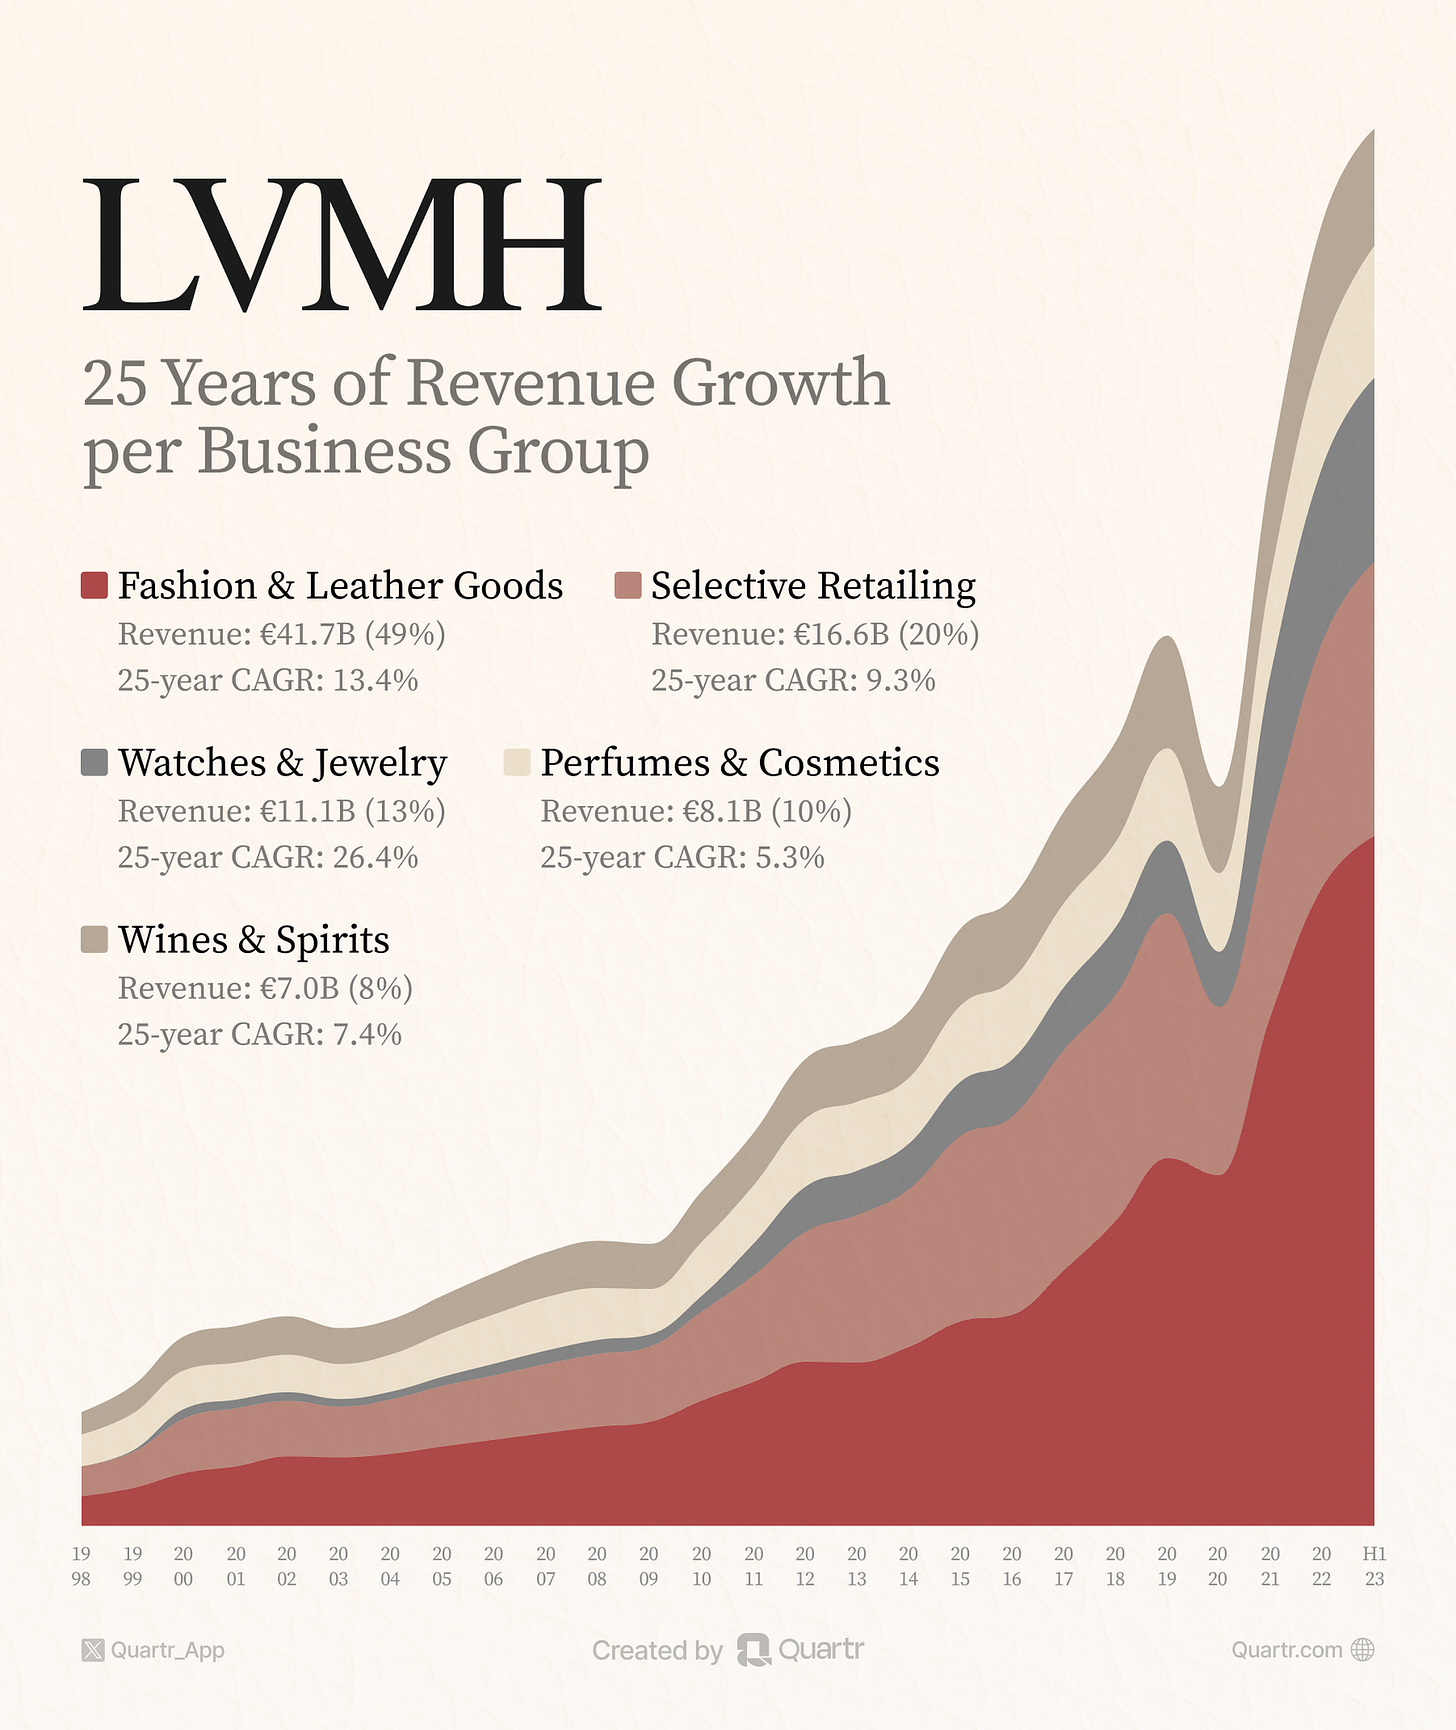 A chart covering 25 years of LVMH's revenue growth segmented by business group.
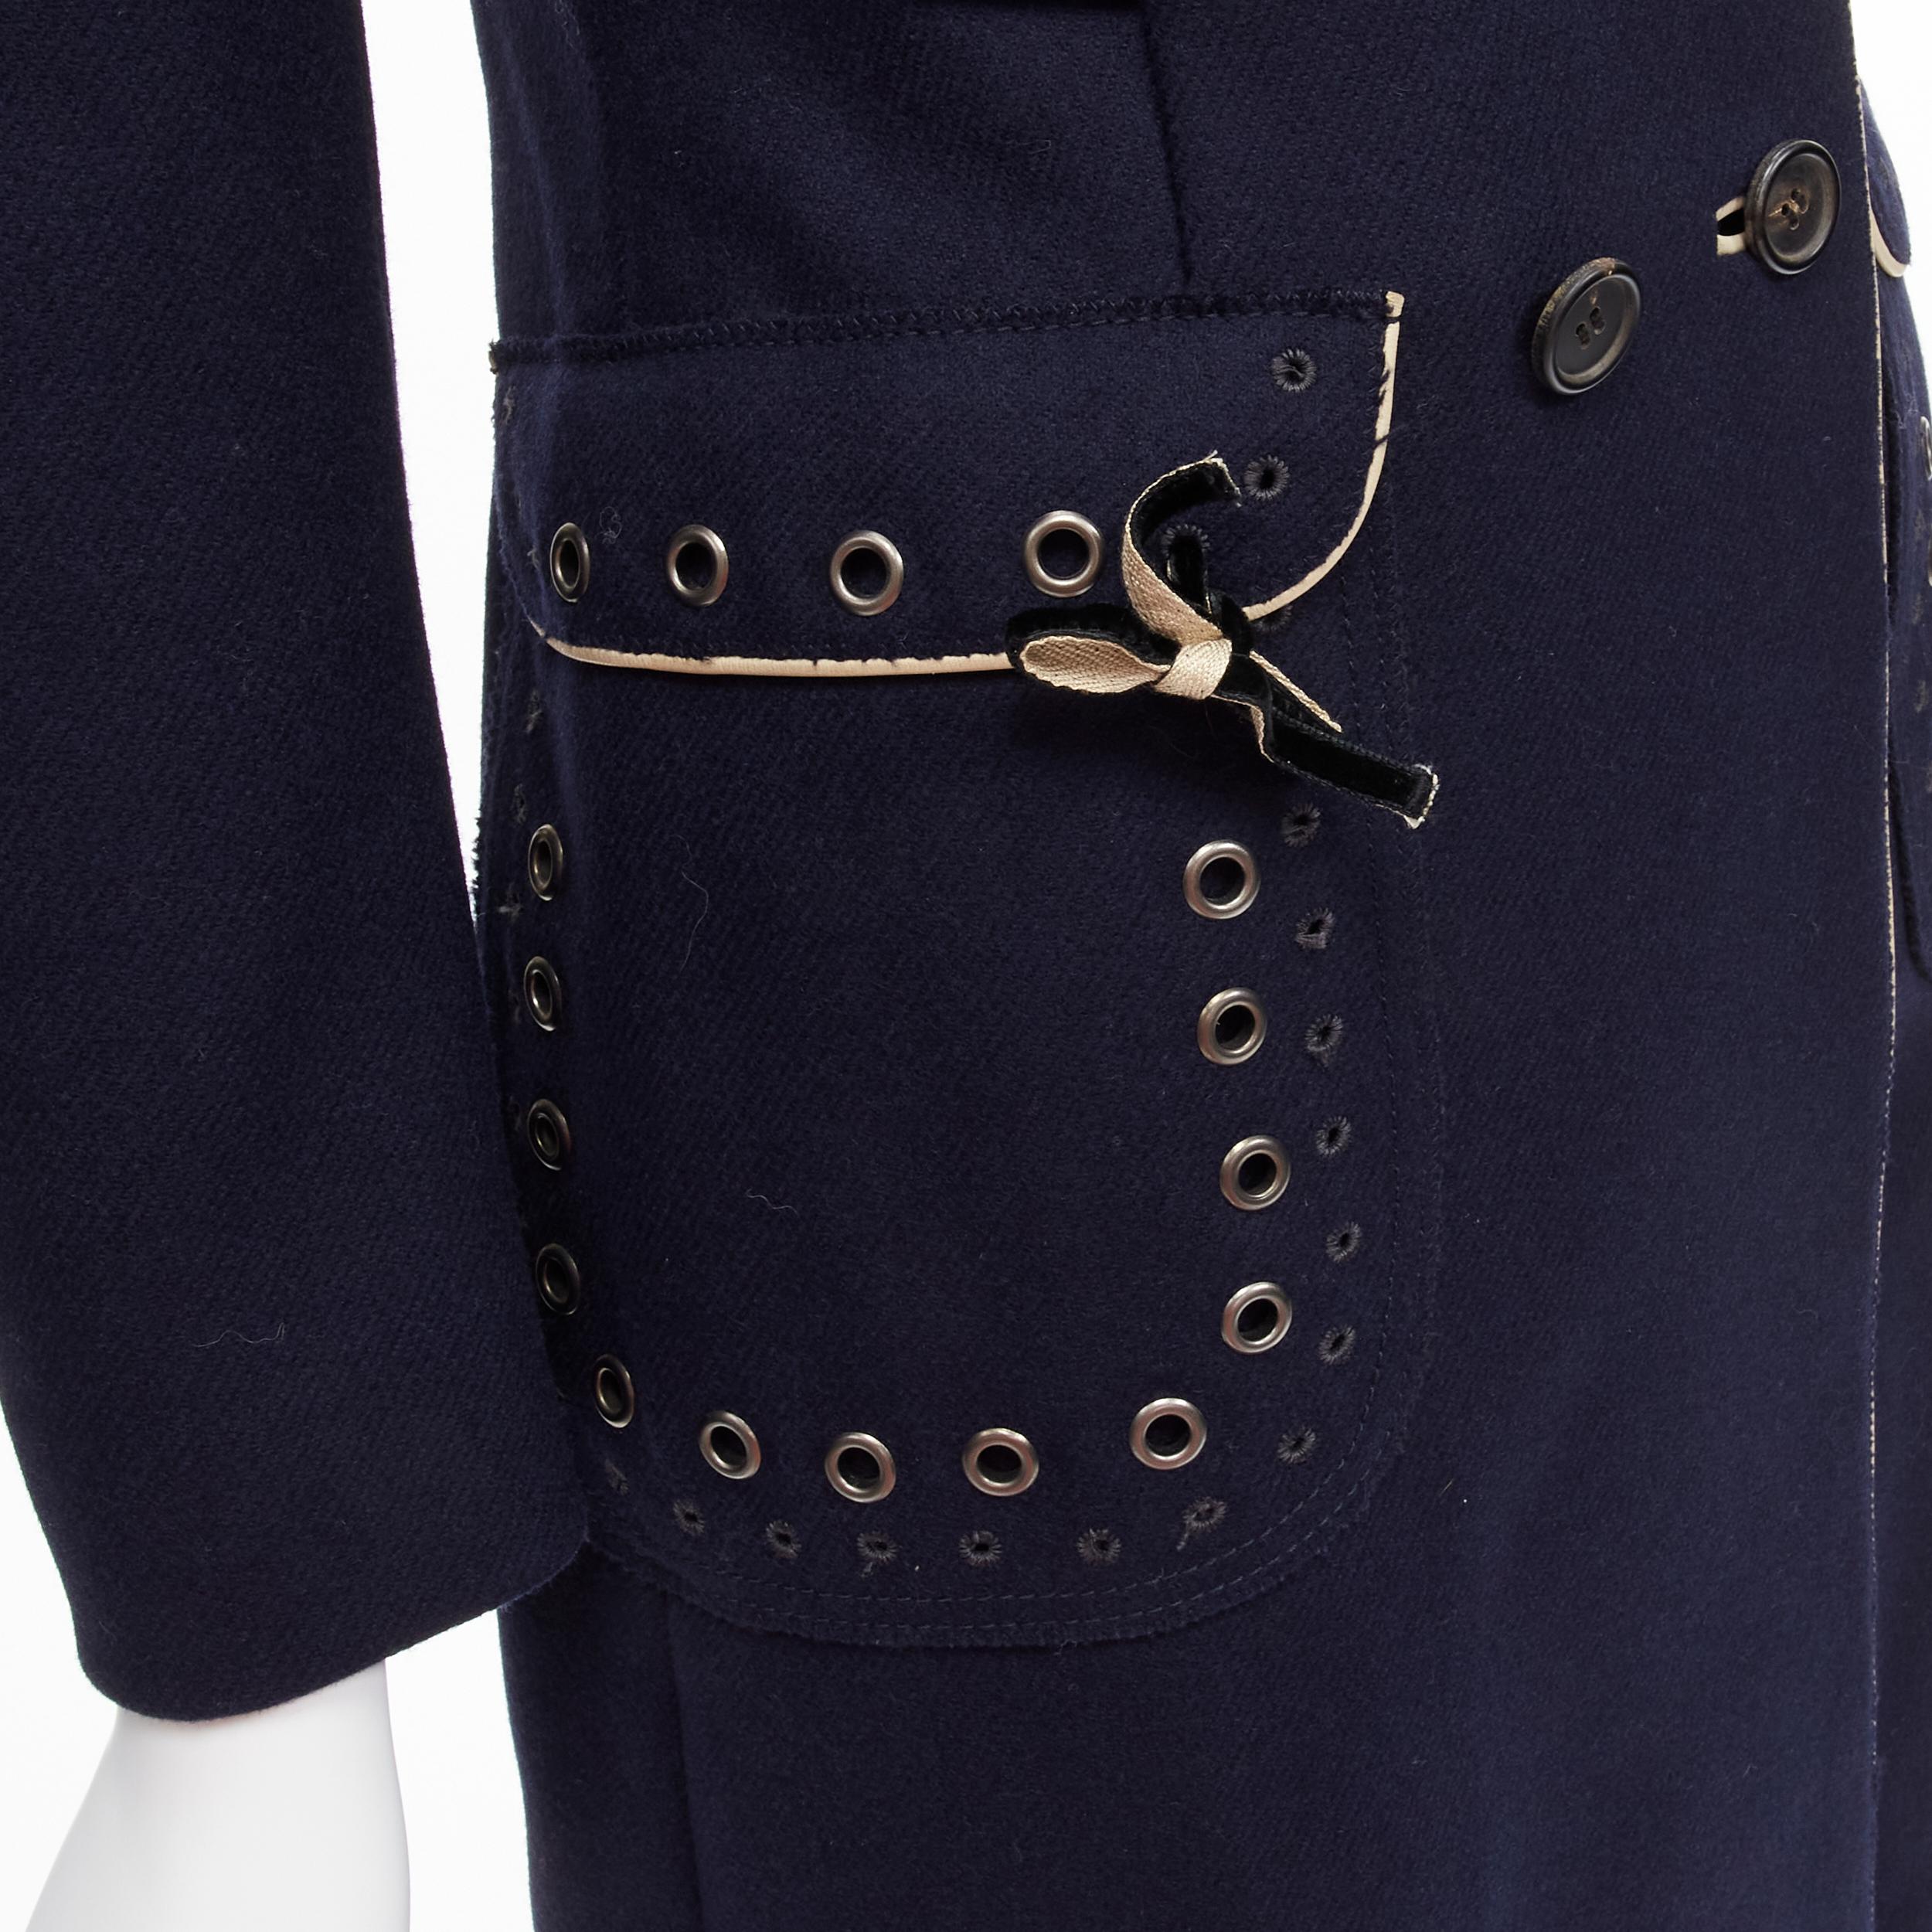 rare PRADA 2004 Look 46 navy blue wool grommet leather trim longline officer coat IT36 XXS
Reference: TGAS/D00128
Brand: Prada
Designer: Miuccia Prada
Collection: Fall 2004 - Runway
Material: Wool, Leather
Color: Navy, White
Pattern: Solid
Closure:

» What you should do
Minus its pictures, the full listing should be copied verbatim.

» Problem solution
 A chart covering 25 years of LVMH's revenue growth segmented by business group.
 rare PRADA 2004 Look 46 navy blue wool grommet leather trim longline officer coat IT36 XXS
Reference: TGAS/D00128
Brand: Prada
Designer: Miuccia Prada
Collection: Fall 2004 - Runway
Material: Wool, Leather
Color: Navy, White
Pattern: Solid
Closure:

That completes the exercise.